<<<<

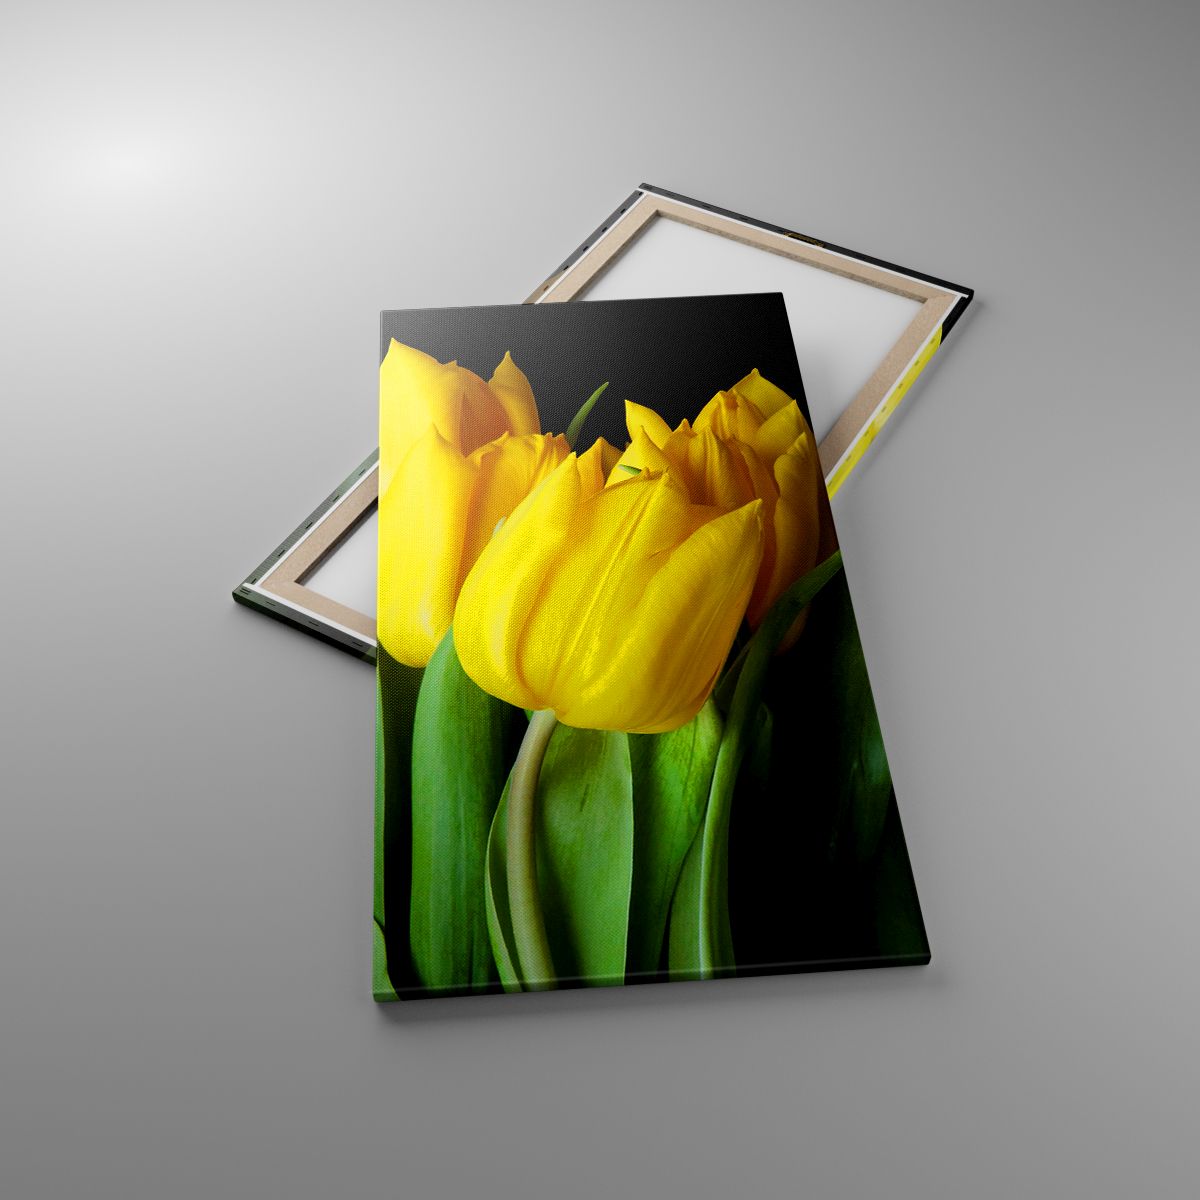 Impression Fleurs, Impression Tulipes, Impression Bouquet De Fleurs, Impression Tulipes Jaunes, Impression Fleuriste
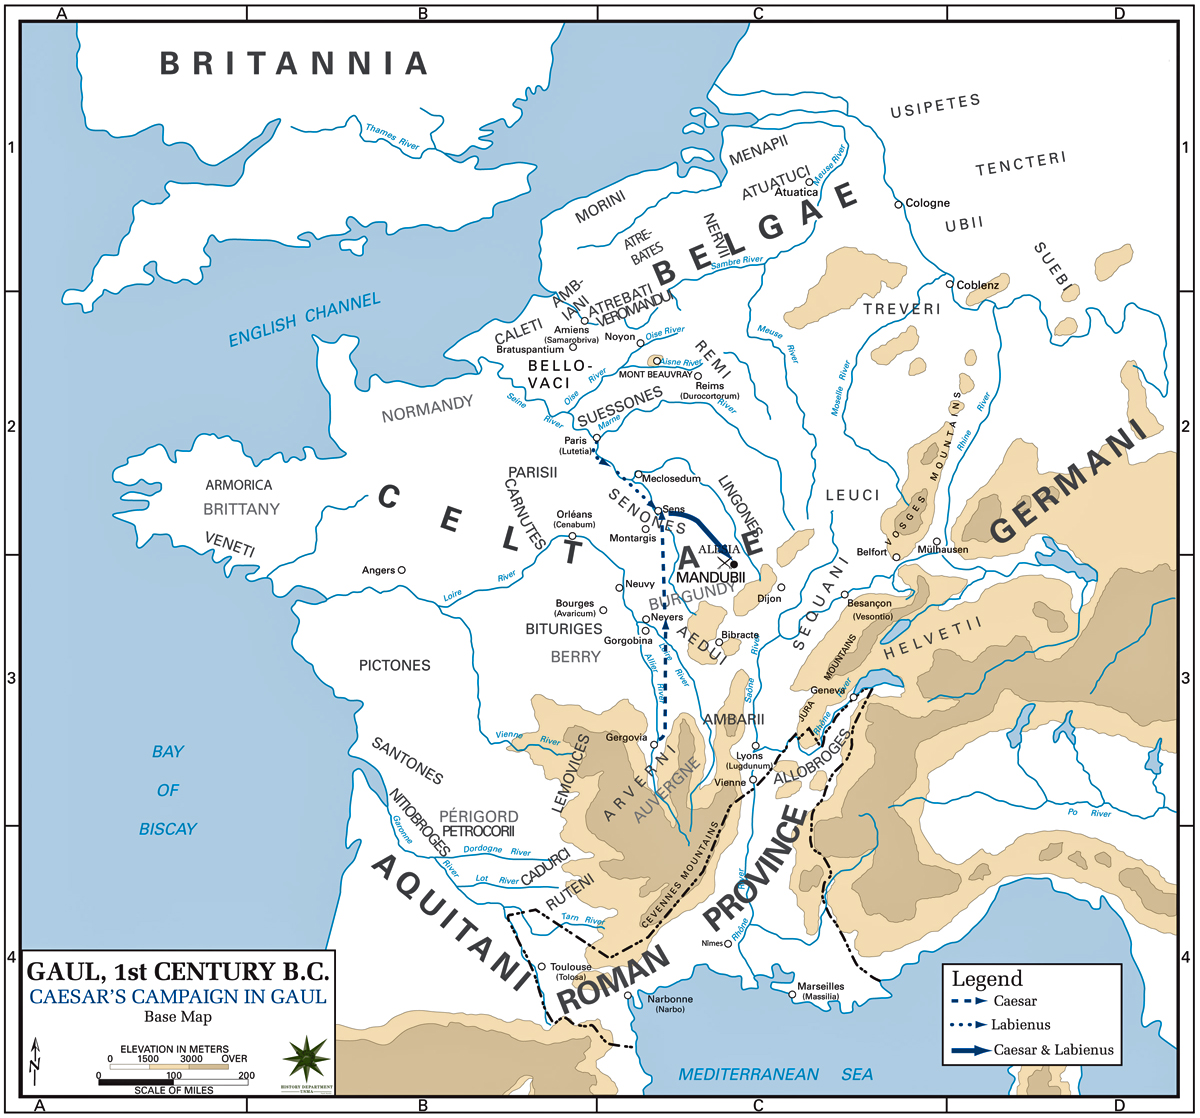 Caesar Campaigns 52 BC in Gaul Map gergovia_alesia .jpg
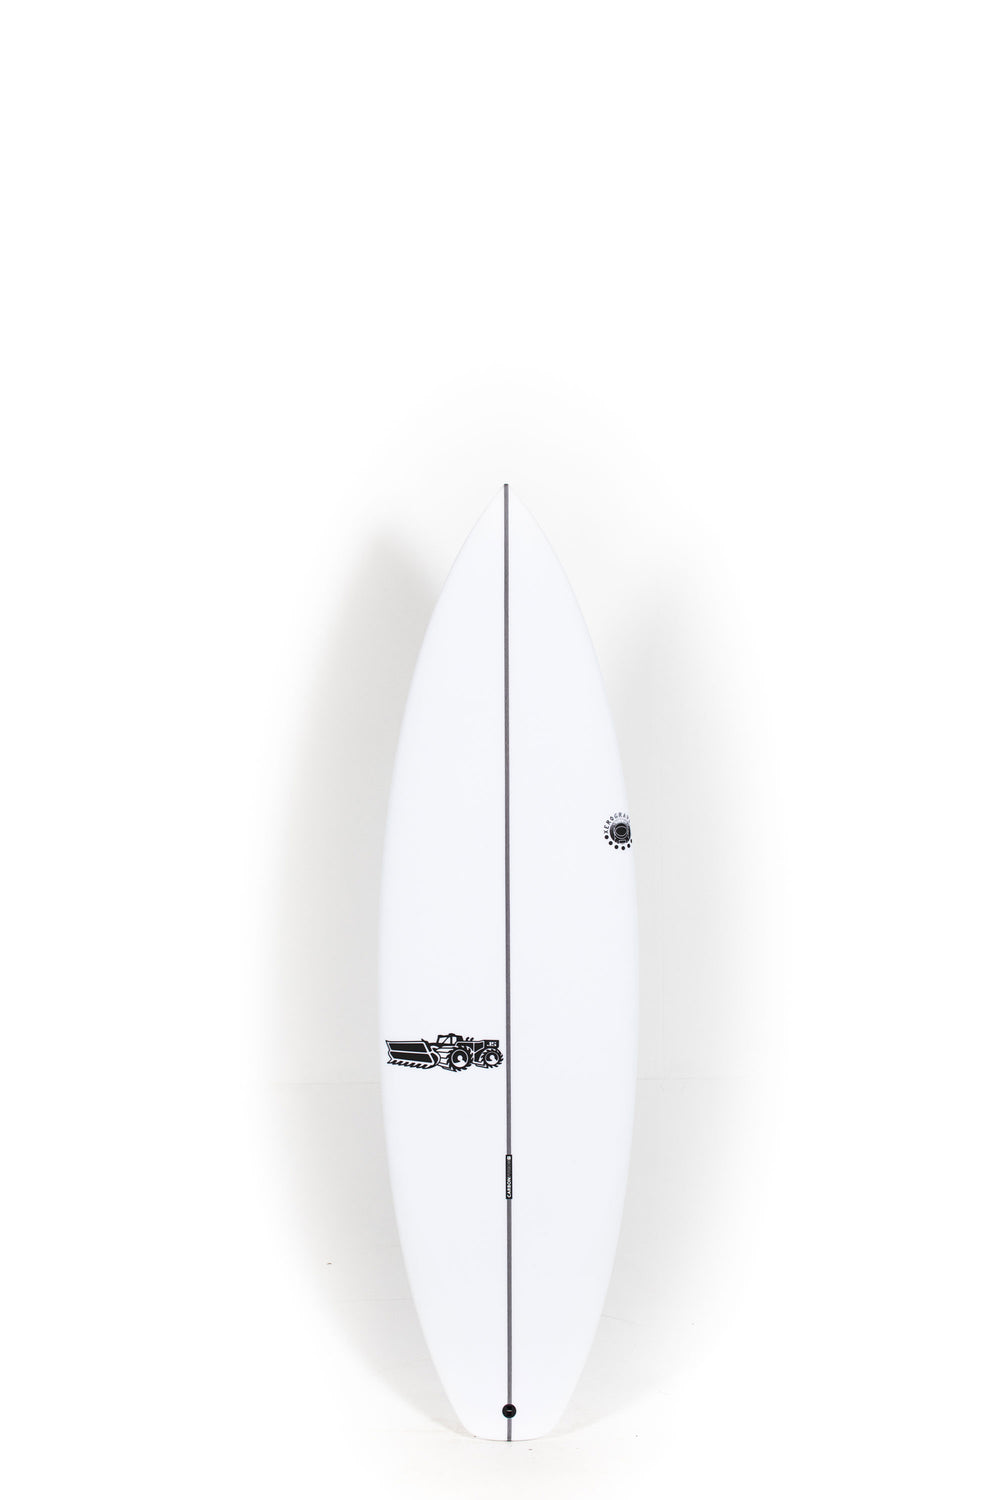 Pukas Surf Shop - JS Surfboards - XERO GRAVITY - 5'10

>>>>
<<<<

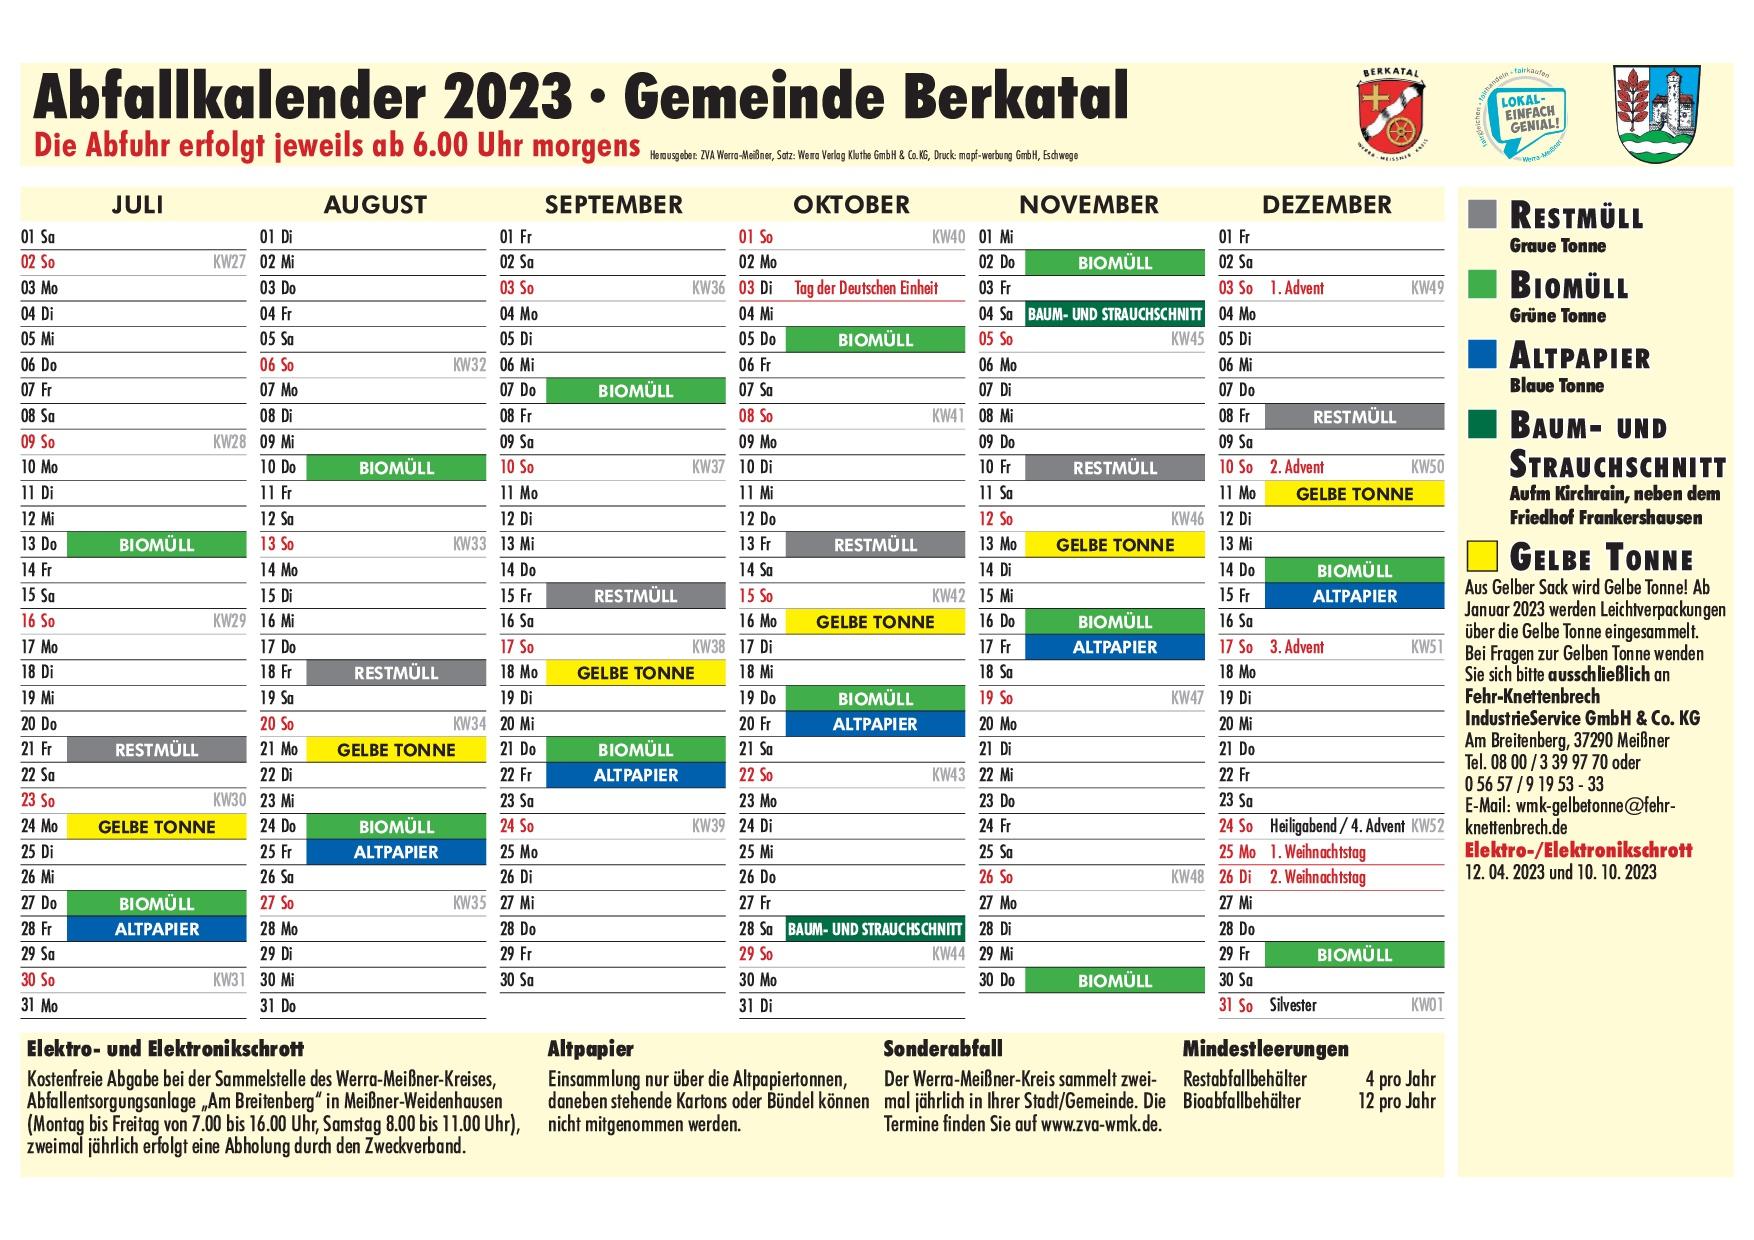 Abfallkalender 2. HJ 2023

>>>>

■ **ACTIVITY**
Going by the data above, give back only the lines from the one containing "Impression Fleurs, Impression" through the one containing "Pukas Surf Shop", exactly as they stand, both ends included and no images.

■ **RESULT OF THE TASK**
 Impression Fleurs, Impression Tulipes, Impression Bouquet De Fleurs, Impression Tulipes Jaunes, Impression Fleuriste
 Caesar Campaigns 52 BC in Gaul Map gergovia_alesia .jpg
 Pukas Surf Shop - JS Surfboards - XERO GRAVITY - 5'10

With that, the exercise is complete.